Proton pump inhibitors (PPIs) are one of the most frequently used drugs, primarily in conditions associated with increased gastric acid secretion. The mechanism of action of PPIs is well described. All agents belonging to this group have weak base properties, allowing them to reach high concentrations in the acidic environment of the secretory canaliculi of the parietal cells in the gastric mucosa, where they inhibit the activity of one of the proton pump enzymes, H+/K+ ATPase, which transports hydrogen ions (H+) into the gastric lumen. The effect of this reaction is the reversible inhibition of hydrochloric acid secretion, affecting both basal and stimulated secretion, regardless of the stimulus triggering acid release [1,2].

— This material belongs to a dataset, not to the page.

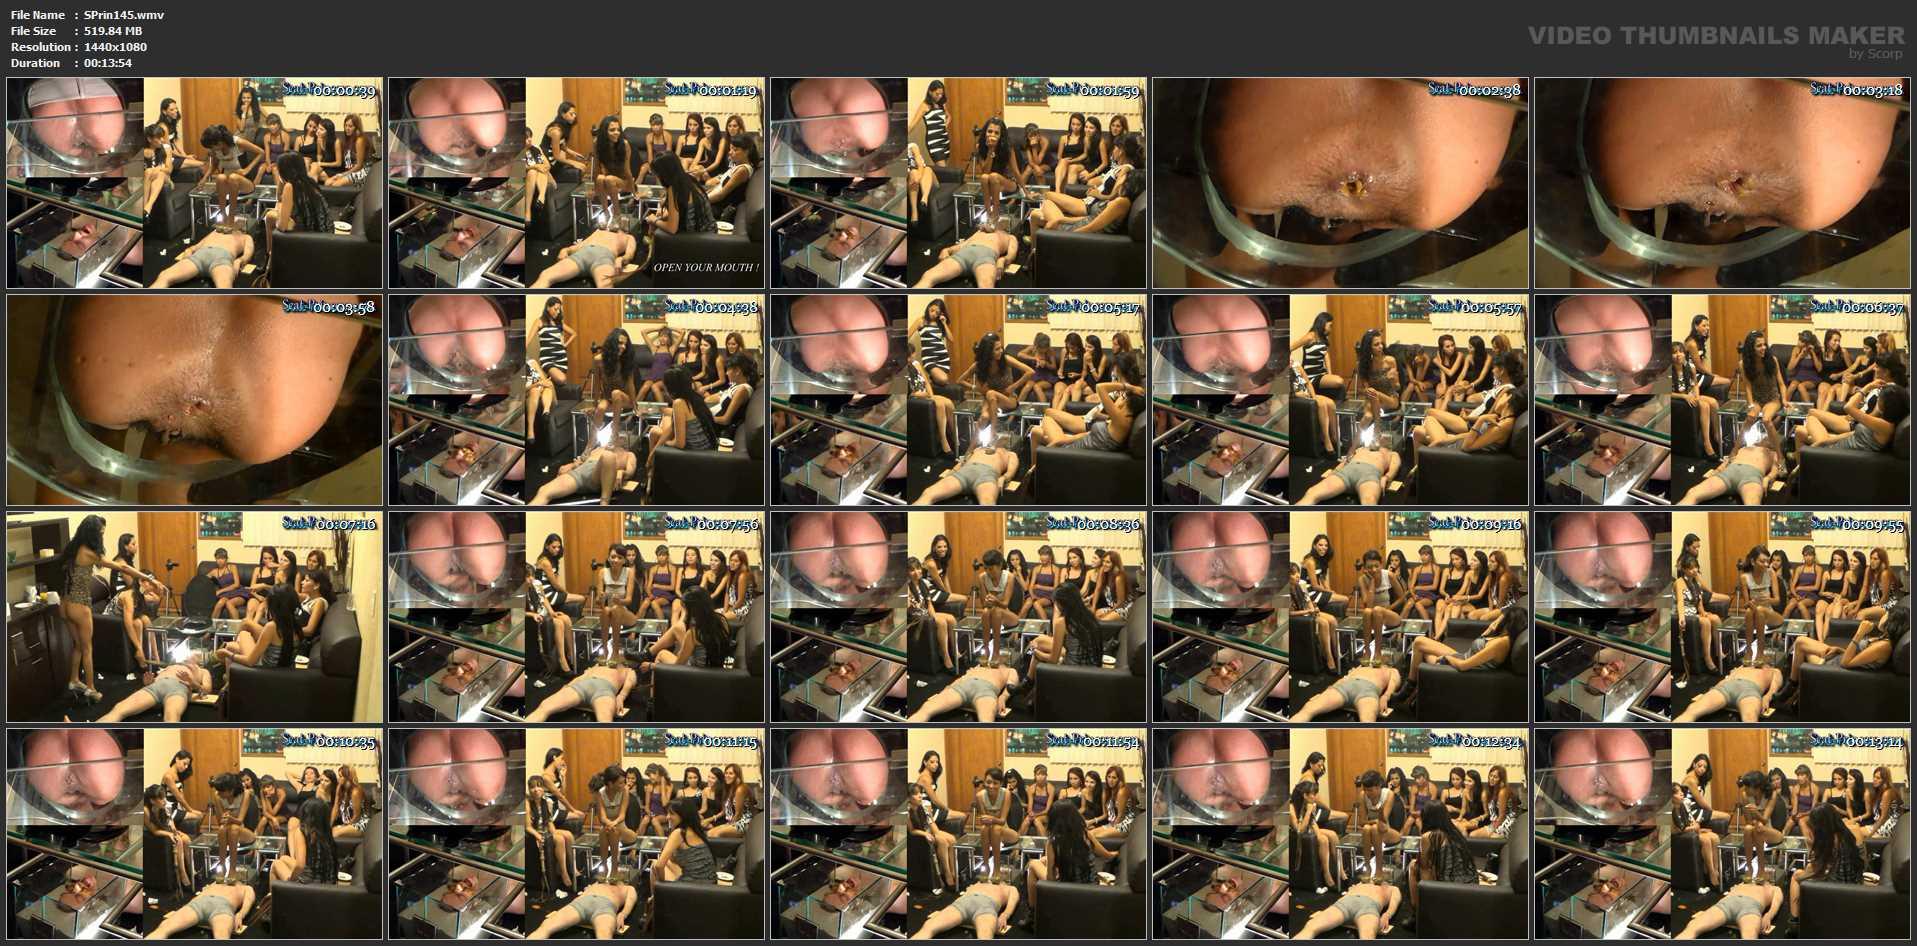 [SCAT-PRINCESS] Solid Rock Combination Please stop Aaah Heeelp Part 03 Britany [FULL HD][1080p][WMV]

The pharmacodynamic effect of PPIs depends on their pharmaceutical properties and pharmacokinetic parameters. The available oral forms of PPIs belong to the delayed-release category. For example, omeprazole (OME), lansoprazole, and esomeprazole are available in gelatin capsules containing enteric-coated granules (pellets), whereas pantoprazole and rabeprazole are administered in enteric-coated tablet form. This specialized pharmaceutical formulation, enteric coating, serves a dual role: protecting the PPI from degradation in the acidic gastric pH and delaying drug release until it reaches the absorption site—the intestine [3]. The efficacy of PPIs such as omeprazole depends on the proper course of pharmacokinetic processes. However, as demonstrated by studies conducted by Howden et al. [4], the enteric-coated formulation is poorly absorbed following a standard dose and exhibits significant interindividual variability concerning parameters such as the maximum plasma concentration (C_max), the time to reach maximum concentration (t_max), and the area under the plasma concentration–time curve (AUC).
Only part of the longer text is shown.